◆ **Work request**:
Would you please print exactly the lines that run from the one with "Seamless Black &" to the last line of the data, both included, without any pictures?

Segment Start: Information supplied

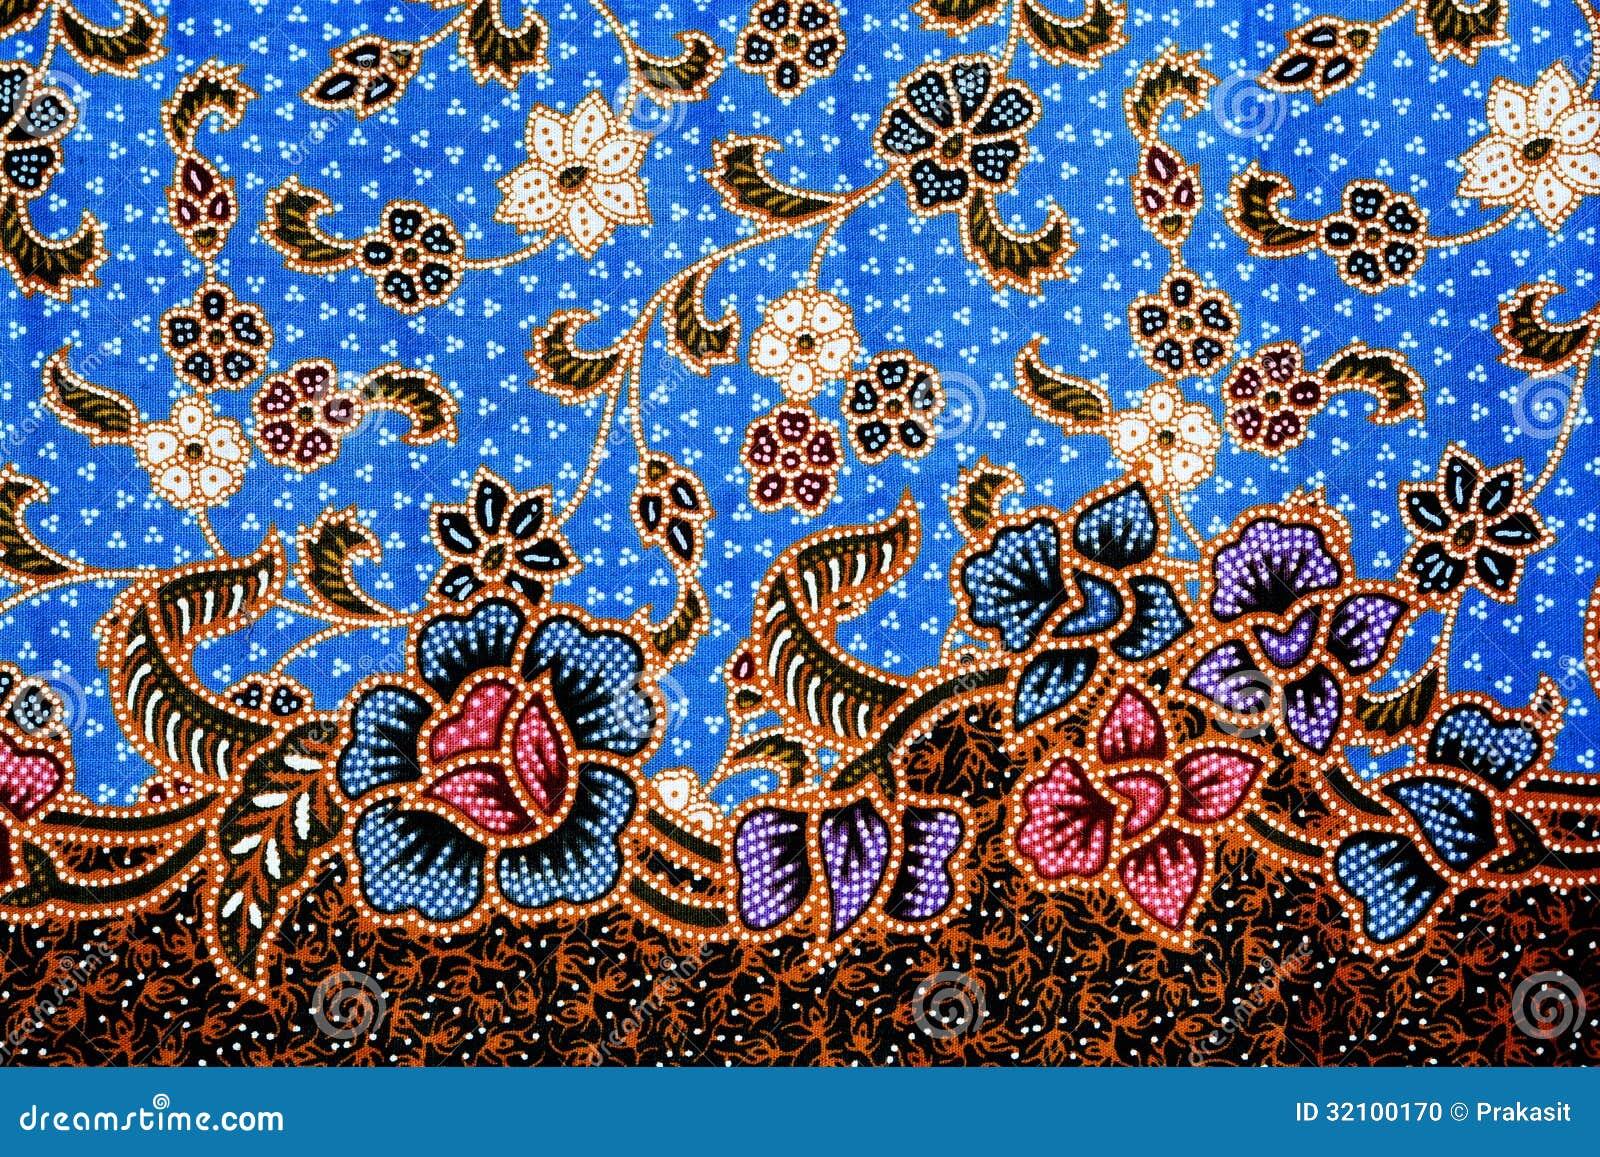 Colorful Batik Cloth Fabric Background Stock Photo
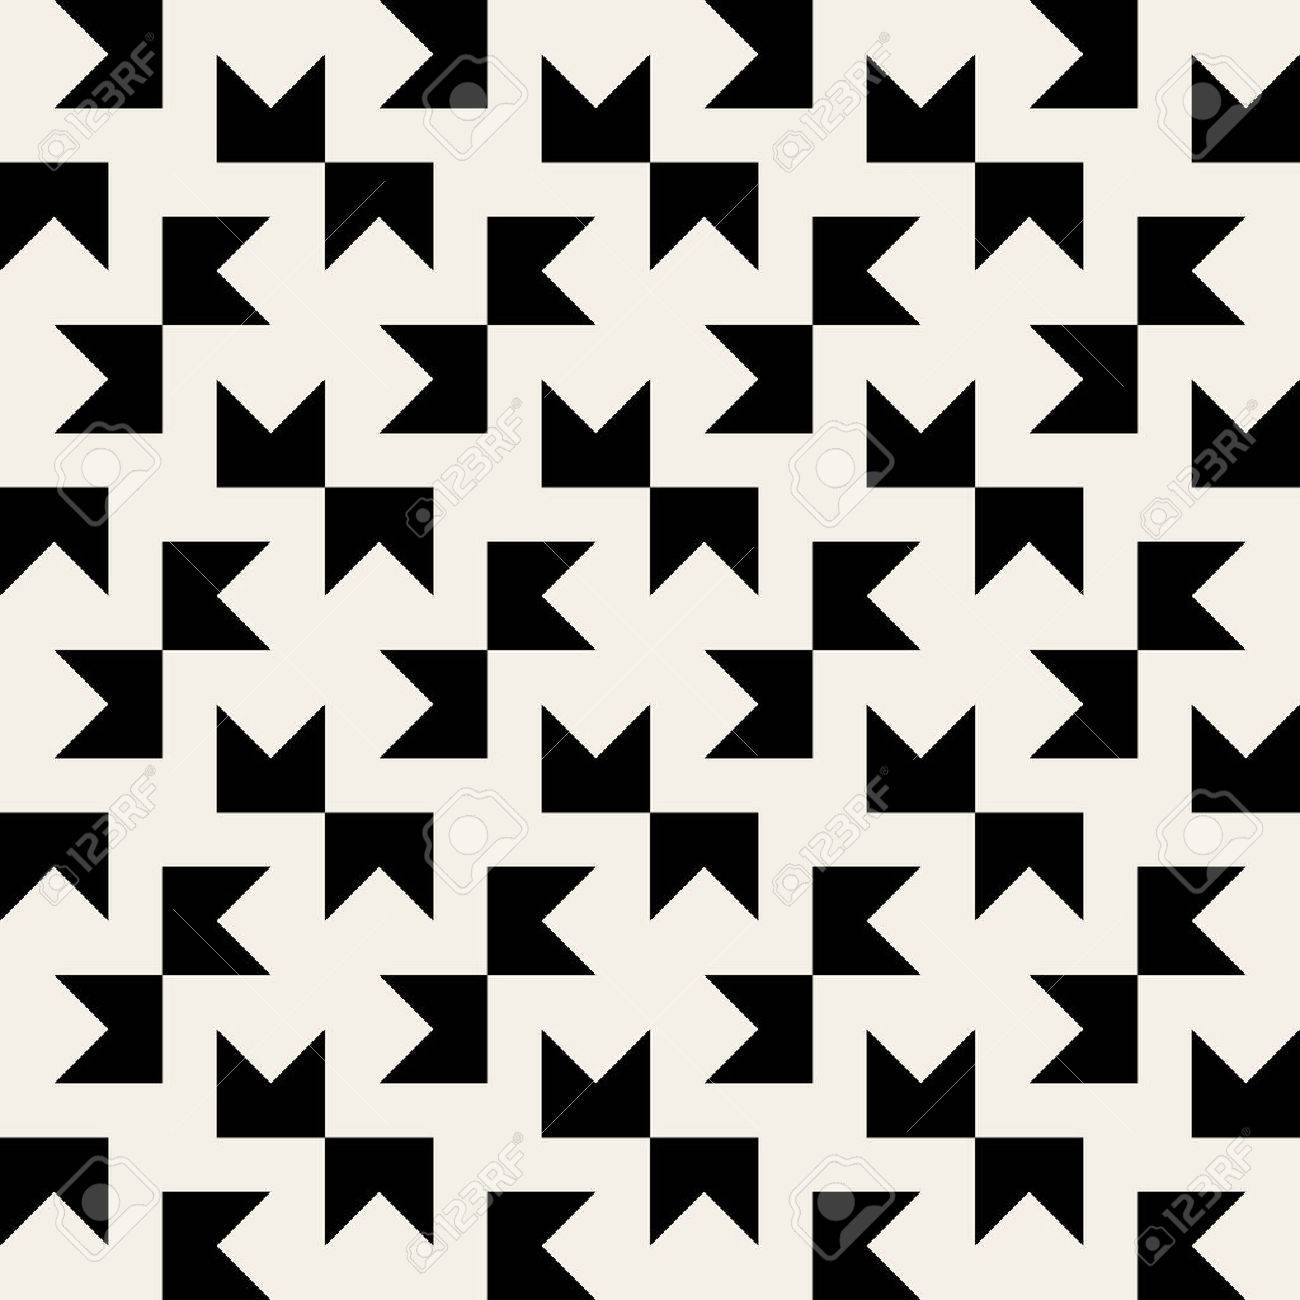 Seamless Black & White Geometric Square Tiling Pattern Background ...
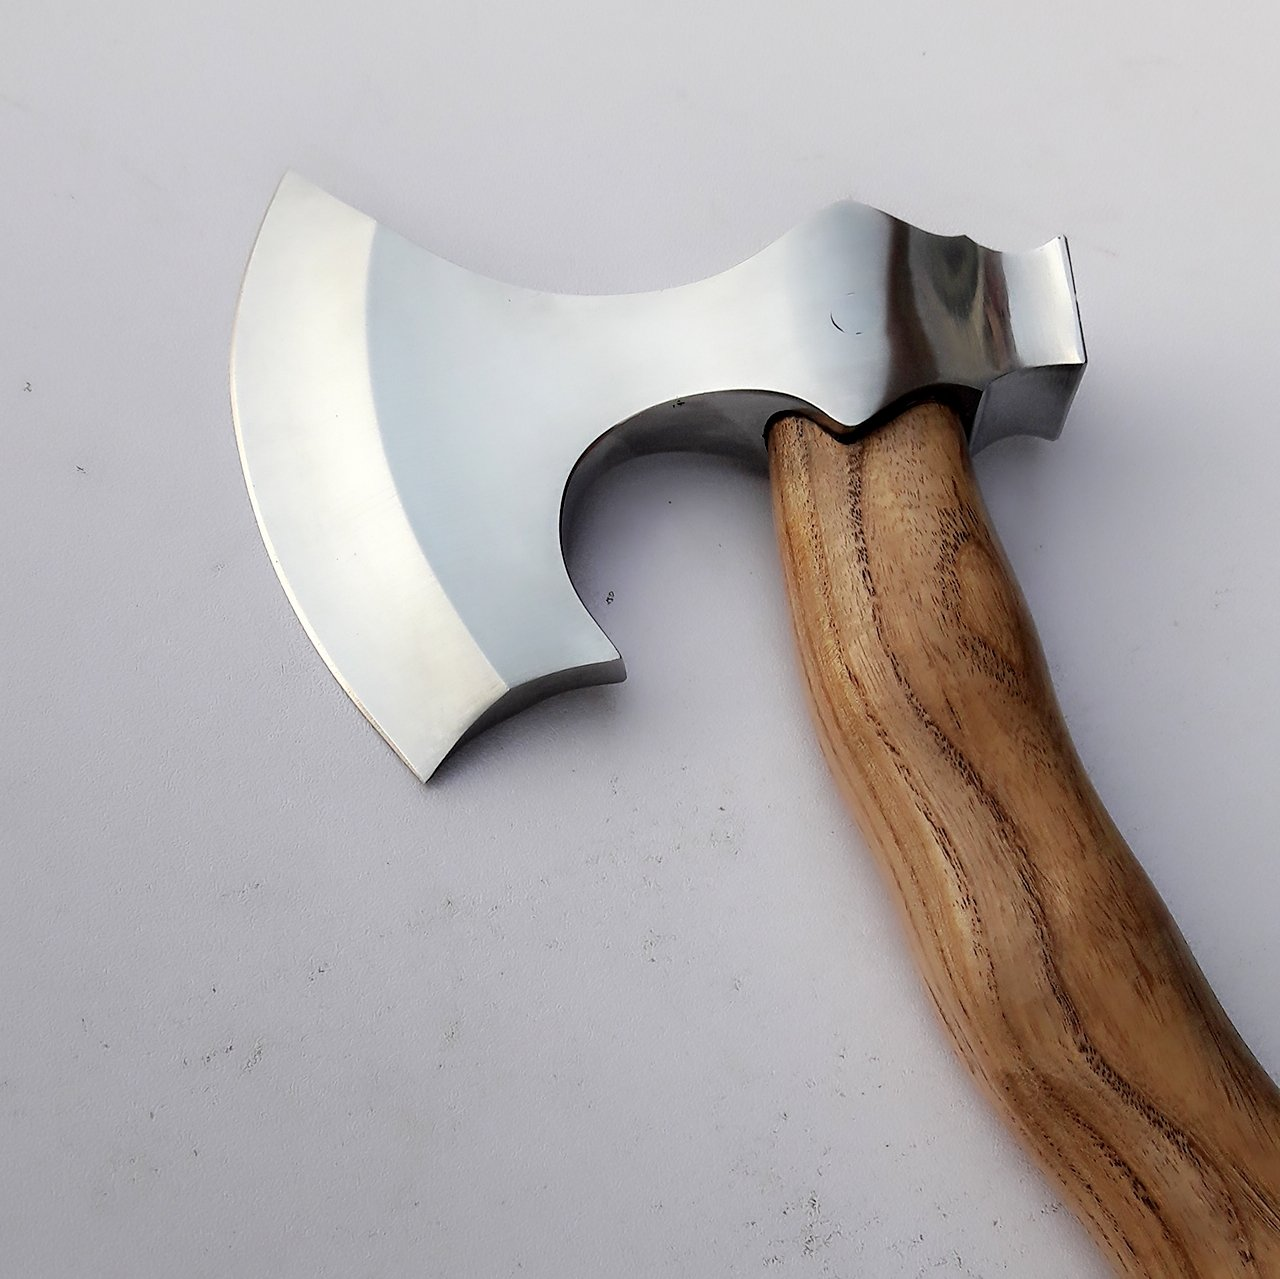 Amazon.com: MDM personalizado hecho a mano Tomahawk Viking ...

Segment End: Information supplied

◆ **Written solution**:
 Seamless Black & White Geometric Square Tiling Pattern Background ...
 Amazon.com: MDM personalizado hecho a mano Tomahawk Viking ...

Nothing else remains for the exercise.